Three groups of patients were compared: Group 1: Oral iron or without iron therapy. Group 2: low doses of intravenous iron. Group 3: treated according to a blood saving programme including intravenous iron, alpha epoetin and restrictive transfusional criteria. The homogeneity of gender, age, type of fracture, ASA, preoperative period and perisurgical bleeding affecting drug consumption within the groups was analyzed.
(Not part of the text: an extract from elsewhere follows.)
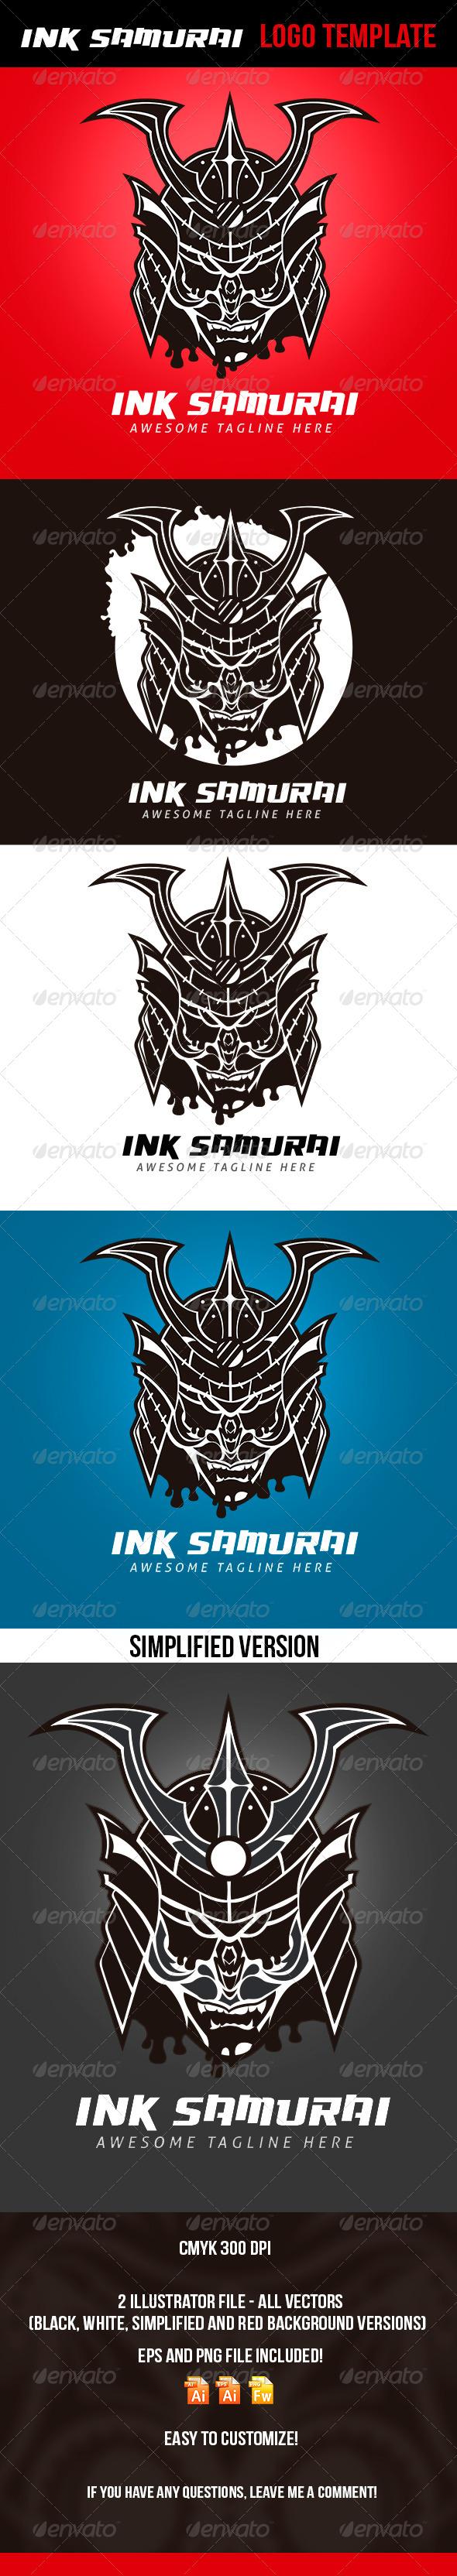 GraphicRiver Ink Samurai Logo Template 4592926

The effectiveness of the treatments was determined by means of transfusional rate, postoperative haemoglobin levels, and postoperative length of stay and infection rate.

RESULTS

329 patients were checked. Patients were comparable. Patients included in Group 3 were transfused less than the rest (36.5 of patients in group 3 vs. 52.0% in group 1 and 67.6% in group 3, p = 0.002). Decreases in the infection rate and mean postoperative stay in group 3 were not significant. Haemoglobin levels at 48 hours post surgery were higher in group 1 but haemoglobin levels at the seventh day post surgery were similar for the three groups.

CONCLUSIONS

The above mentioned blood saving programme has been observed to be effective in decreasing transfusional requirements without increasing morbidity. However, further prospective studies are needed in order to define the cost-effectiveness of this programme and to determine its role in the reduction of posttransfusional infections and postoperative length of stay.

摘要

目的

描述并研究64岁以上髋部骨折患者围手术期贫血治疗模式的有效性。

方法

比较三组患者:第1组:口服铁剂或不进行铁剂治疗。第2组:低剂量静脉注射铁剂。第3组:按照包括静脉注射铁剂、α促红细胞生成素和限制性输血标准的血液保护方案进行治疗。分析了各组内性别、年龄、骨折类型、美国麻醉医师协会(ASA)分级、术前阶段和影响药物使用的围手术期出血情况的同质性。通过输血率、术后血红蛋白水平、术后住院时间和感染率来确定治疗的有效性。

结果

检查了329例患者。患者具有可比性。第3组患者的输血次数少于其他组(第3组患者为36.5%,第1组为52.0%,第2组为67.6%,p = 0.002)。第3组的感染率和术后平均住院时间的降低不显著。术后48小时第1组的血红蛋白水平较高,但术后第7天三组的血红蛋白水平相似。

结论

上述血液保护方案已被观察到在不增加发病率的情况下有效降低输血需求。然而,需要进一步的前瞻性研究来确定该方案的成本效益,并确定其在减少输血后感染和术后住院时间方面的作用。